The generalized Fuglede's conjecture holds for a class of Cantor-Moran measures

TL;DR

This paper proves that the generalized Fuglede's conjecture holds for a class of Cantor-Moran measures, establishing a link between spectral properties and tiling conditions for these fractal measures.

Contribution

It demonstrates that for certain Cantor-Moran measures, the existence of an exponential orthonormal basis is equivalent to a specific convolution condition involving Lebesgue measure.

Findings

Spectrality characterized by convolution with a probability measure

Equivalence between exponential bases and integral tiling of digit sets

Validation of the generalized Fuglede's conjecture for these measures

Abstract

Suppose ${\bf b}=\{b_n\}_{n=1}^{\infty}$ is a sequence of integers bigger than 1 and ${\bf D}=\{{\mathcal D}_{n}\}_{n=1}^{\infty}$ is a sequence of consecutive digit sets.
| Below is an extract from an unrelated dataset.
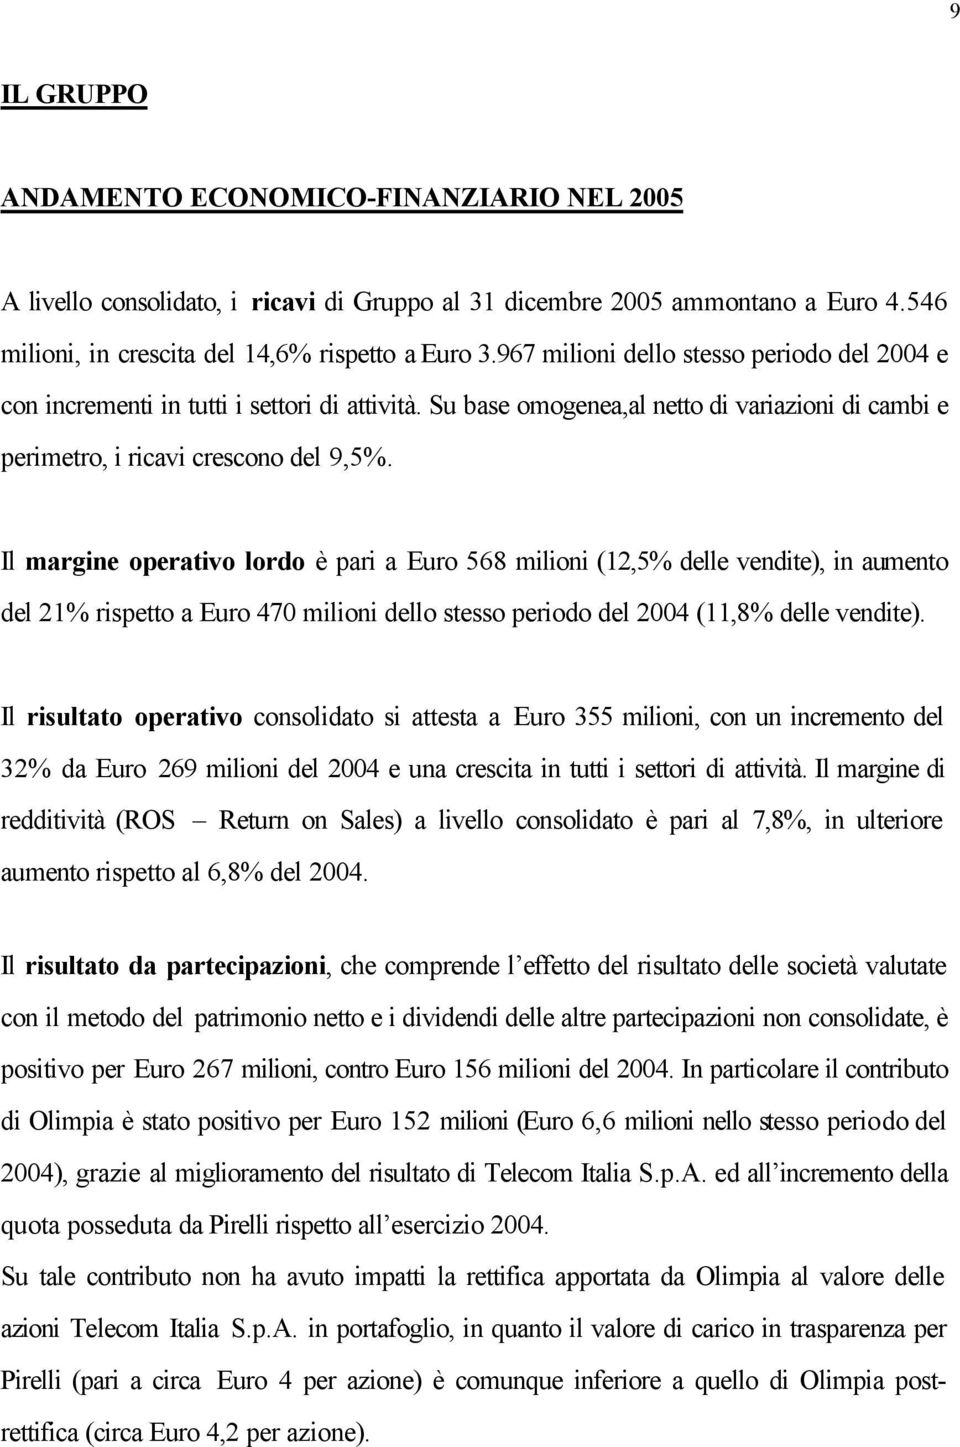 Il margine operativo lordo è pari a Euro 568 milioni (12,5% delle vendite), in aumento del 21% rispetto a Euro 470 milioni dello stesso periodo del 2004 (11,8% delle vendite).
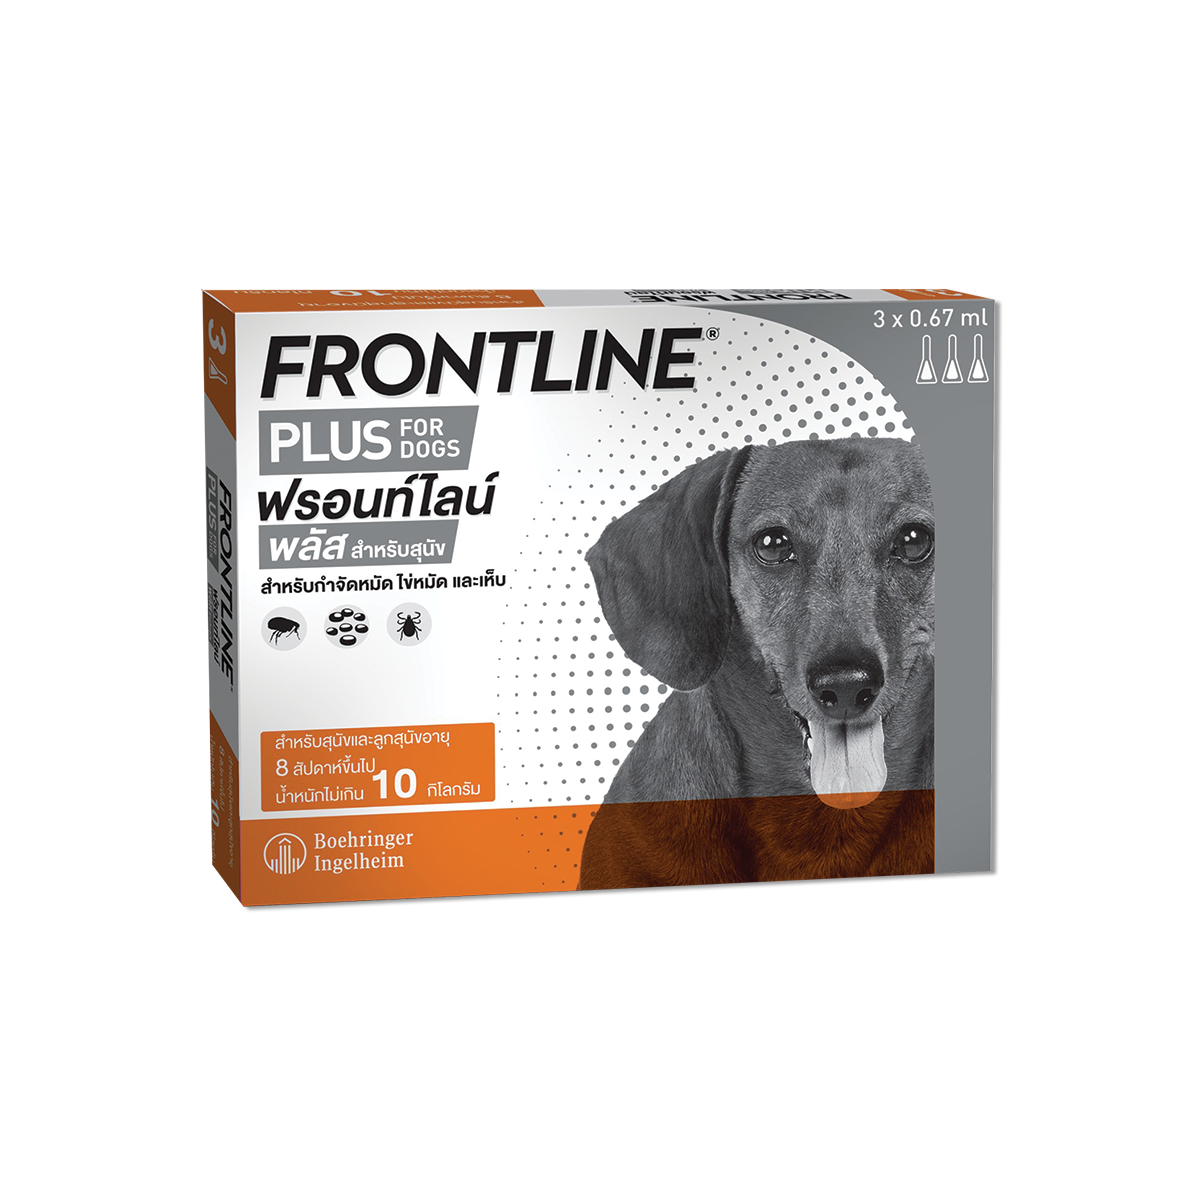 Frontline Plus Dog Size S ฟรอนท์ไลน์ พลัส ยาหยดกำจัดเห็บหมัดสำหรับสุนัข (น้ำหนักไม่เกิน 10 กก.)

Let $\mu_{{\bf b},{\bf D}}$ be the Cantor-Moran measure defined by \begin{eqnarray*} \mu_{{\bf b},{\bf D}}&=& \delta_{\frac{1}{b_1}{\mathcal D}_{1}}\ast\delta_{\frac{1}{b_1b_2}{\mathcal D}_{2}}\ast \delta_{\frac{1}{b_1b_2b_3}{\mathcal D}_{3}}\ast\cdots. \end{eqnarray*} We prove that $L^2(\mu_{{\bf b},{\bf D}})$ possesses an exponential orthonormal basis if and only if $\mu_{{\bf b},{\bf D}}\ast\nu={\mathcal L}_{[0,N_1/b_1]}$ for some Borel probability measure $\nu$. This theorem shows that the generalized Fuglede's conjecture is true for such Cantor-Moran measure. An immediate consequence of this result is the equivalence between the existence of an exponential orthonormal basis and the integral tiling of ${\bf D}_n={\mathcal D}_{n}+b_n{\mathcal D}_{n-1}+b_2\cdots b_n{\mathcal D}_{1}$ for $n\geq1$.